Сын башмачника. Андерсен
Шрифт:
В воскресенье Андерсен принёс очередное сочинение по латыни. Оно было ничуть не лучше первого — латынь явно не желала дружить с поэтом. Правя сочинение, Мейслинг тяжело вздыхал: у него был такой вид, точно именно из-за поведения гимназиста директора гимназии ждёт ад.
— Вы мне до смерти надоели. К тому же я ведь знаю, что вы никогда не простите мне того, что я высказал вам истину.
А в классе Мейслинг заявил, что таких, как Андерсен, нужно сажать в кунсткамеру.
Каким беспощадно тупым чувствовал себя Андерсен! Интонация и давление директора гимназии были таковы, что он действительно чувствовал себя таким, каким видел его Мейслинг. Андерсен ясно понимал: экзамена он не сдаст!
Он написал Коллину, что теперь трудно в его возрасте учиться ремеслу, и просил пристроить его в контору,
Мы в юности так часто думаем о службе. За всю свою жизнь Ганс Христиан Андерсен не будет находиться на государственной службе ни одного Божьего дня. Ни одного. Есть, есть в нём что-то от Александра Сергеевича Пушкина.

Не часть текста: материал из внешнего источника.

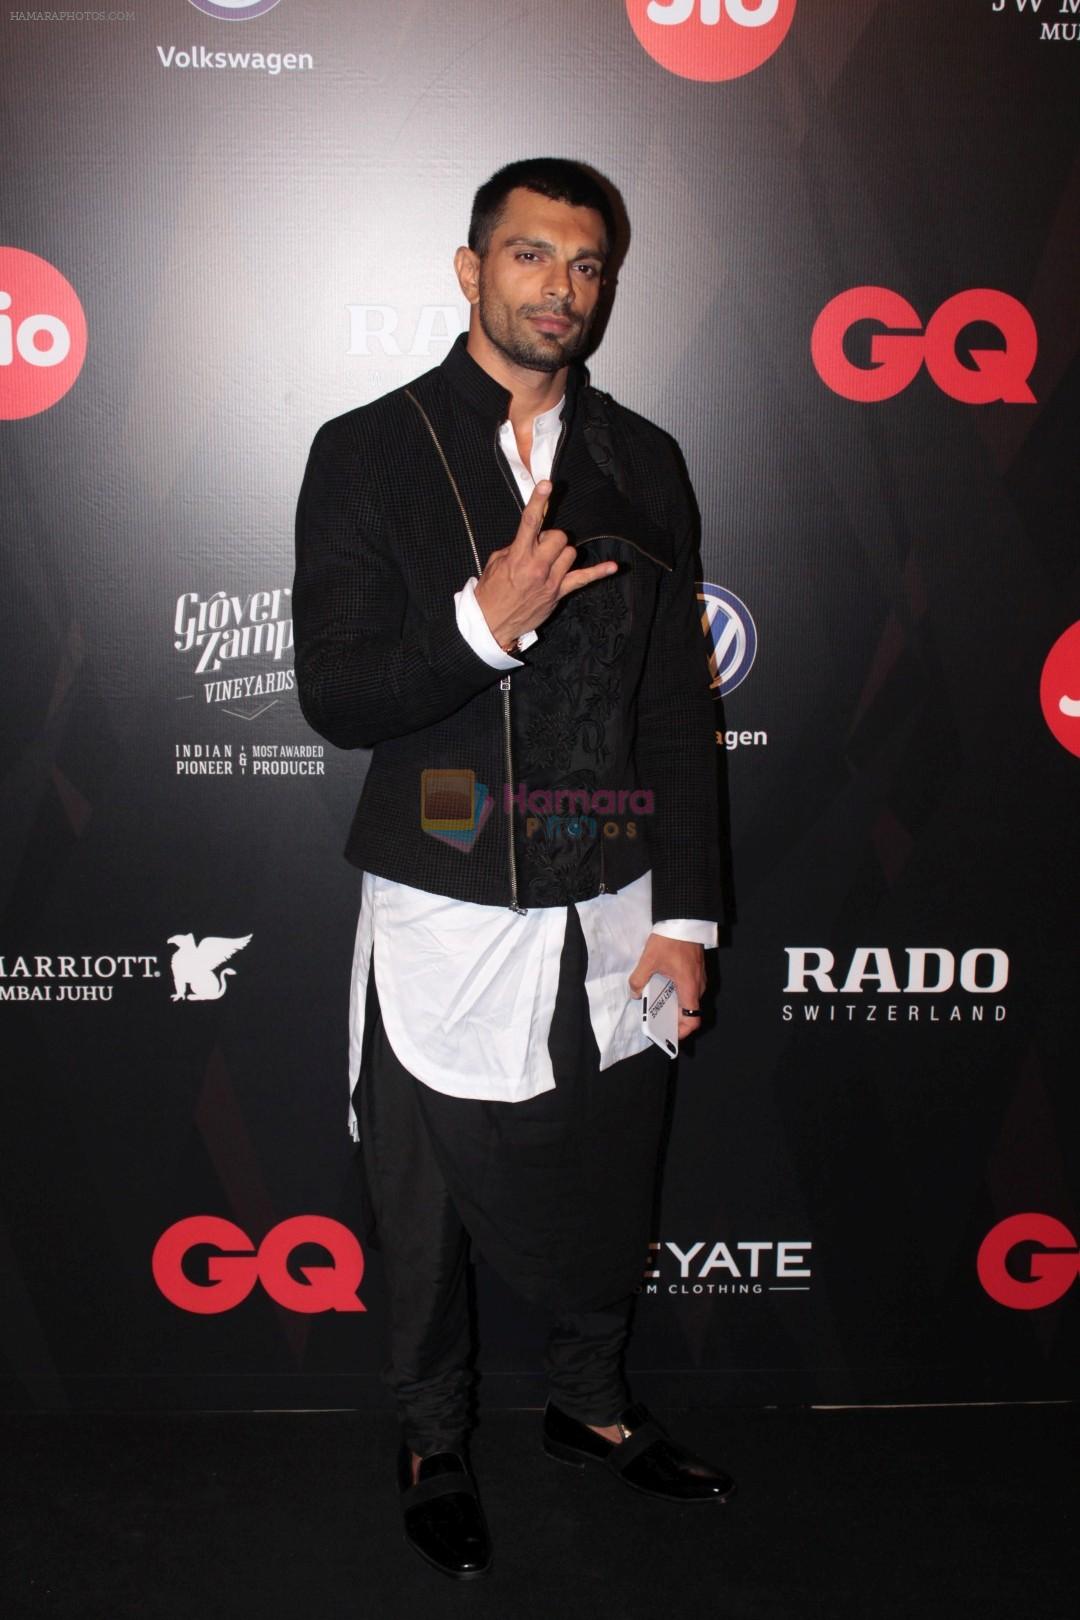 Karan Singh Grover at Star Studded Red Carpet For GQ Best Dressed 2017 on 4th June 2017

Прекрасная жизнь никогда не рождает сказок. Сказки — это страдания, для которых найдена достойная форма. Андерсену — жалкому, нищему, забитому — всю жизнь помогали, не могли не помогать. Преподаватель Берлин спас человечеству Андерсена. Он преподавал еврейский язык, любил общаться с языковедом Мейслингом, последний частенько приглашал его к себе. Он любил с ним советоваться и о делах гимназии. В сравнении с гимназией в Слагельсе новая оказалась гораздо больше, и руководить ей было куда сложнее. Берлин был умён — это не редкость; но он был добр — это было бесспорным достоинством, к тому же доброта его была не отвлечённой, а деятельной. Постепенно он понял, как смертельно было Андерсену в доме Мейслинга. В сущности, это был не дом, а пыточная камера. Если бы Берлин был уверен, что Мейслинг способен внять его словам, он бы поговорил с ним об Андерсене, но манера общения с гимназистом у директора гимназии была такова, что рассчитывать на его понимание не приходилось. Только личный разговор с конференц-советником Йонасом Коллином мог спасти гимназиста Андерсена. Нужно было иметь огромное мужество, чтобы, будучи преподавателем, пойти против директора гимназии...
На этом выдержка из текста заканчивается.